Bizim öyle kurumlarımız var ki yerine ikame edebileceğimiz kurum yoktur. Yani parlamentonun yerine neyi ikame edeceksiniz, yargının yerine neyi ikame edeceksiniz, Türk Silahlı Kuvvetlerinin yerine neyi ikame edeceksiniz? O bakımdan biz başlayan bu sürece sabırla ama sonunda mutlaka adaletin yerini bulacağı, hakkın teslim edileceği ön yargısıyla yaklaşmamız lazım. Olay sadece İstanbul'daki yargılamayla bitmeyecektir. Yargıtay aşaması var, daha sonraki hukuki aşamalar var. O bakımdan biraz sabırla, üzüntüleri anlıyorum elbette, yani ateş düştüğü yeri yakar ona da saygı gösteriyorum ama bu işi yürüten insanların da rahat karar vermelerini sağlayacak bir ortama Türkiye'nin şiddetle ihtiyacı var. onu da bizim temin etmemiz gerekir."

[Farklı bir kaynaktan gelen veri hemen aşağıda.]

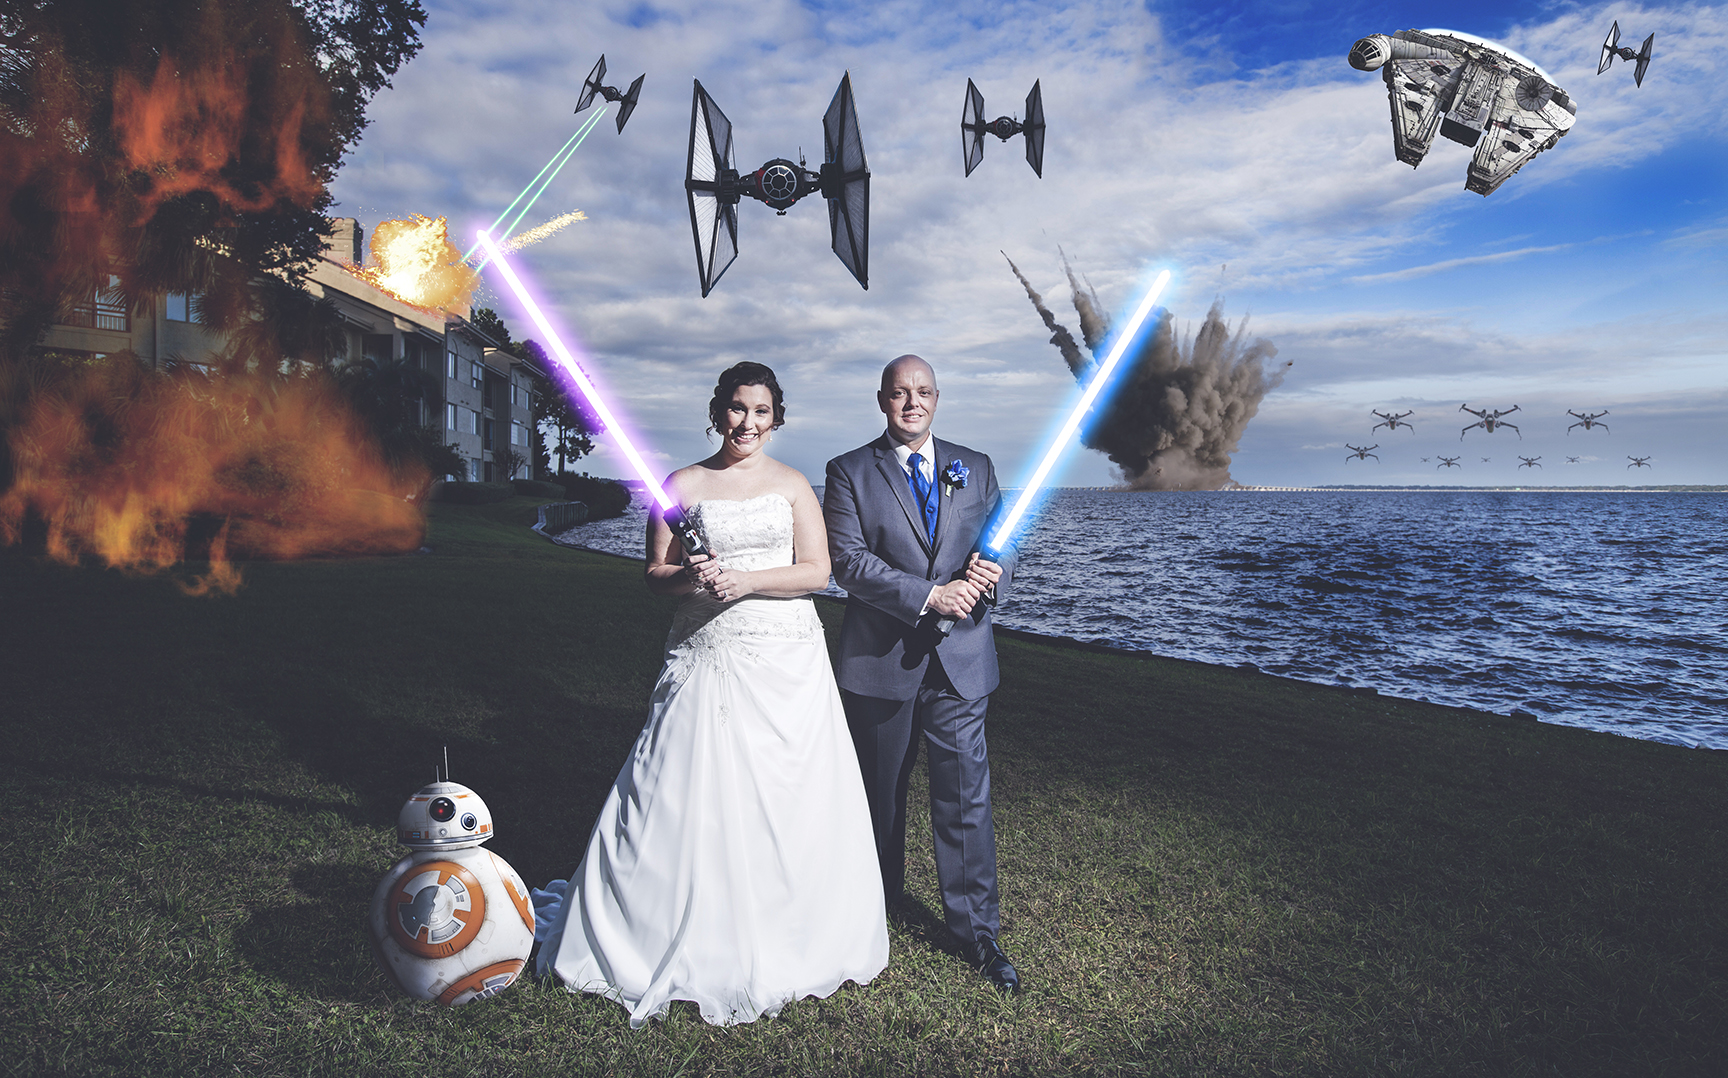 adam-szarmack-wedding-photographer-awesome-6.jpg

"Hem sivil hem askeri hakimlerimize güveniyorum"

Yargının bağımsız olmadığına yönelik eleştirilerin anımsatılması üzerine Toptan, yedek subaylığını askeri hakim olarak yaptığı dönemde, kimsenin kendisine, "Şu kararı şöyle ver, bu kararı böyle ver" demediğini anlattı.

Toptan, hem askeri hem de sivil yargının üzerinde bazı denetim mekanizmaları bulunduğunu vurgulayarak, Hakimler ve Savcılar Yüksek Kurulu, Adalet Bakanlığı ve askerin kendi içinde iç disiplini olduğunu belirtti. Toptan, "Ama bu, ister askeri, ister sivil hakim olsun vicdanlarına aykırı bir karar vermelerini, kesinlikle doğurmaz. Tanıdığım kadarıyla hem sivil hem askeri hakimlerimize güveniyorum" diye konuştu.

"Yeni bir anayasa yapmamız lazım"

TBMM Başkanı Toptan, 1982 Anayasası'na "Hayır" diyenler arasında yer aldığının anımsatılarak, Geçici 15. maddenin kaldırılması tartışmalarının sorulması üzerine, anayasanın, o zaman da şimdi de çok yönüyle yanlış olduğunu kaydetti.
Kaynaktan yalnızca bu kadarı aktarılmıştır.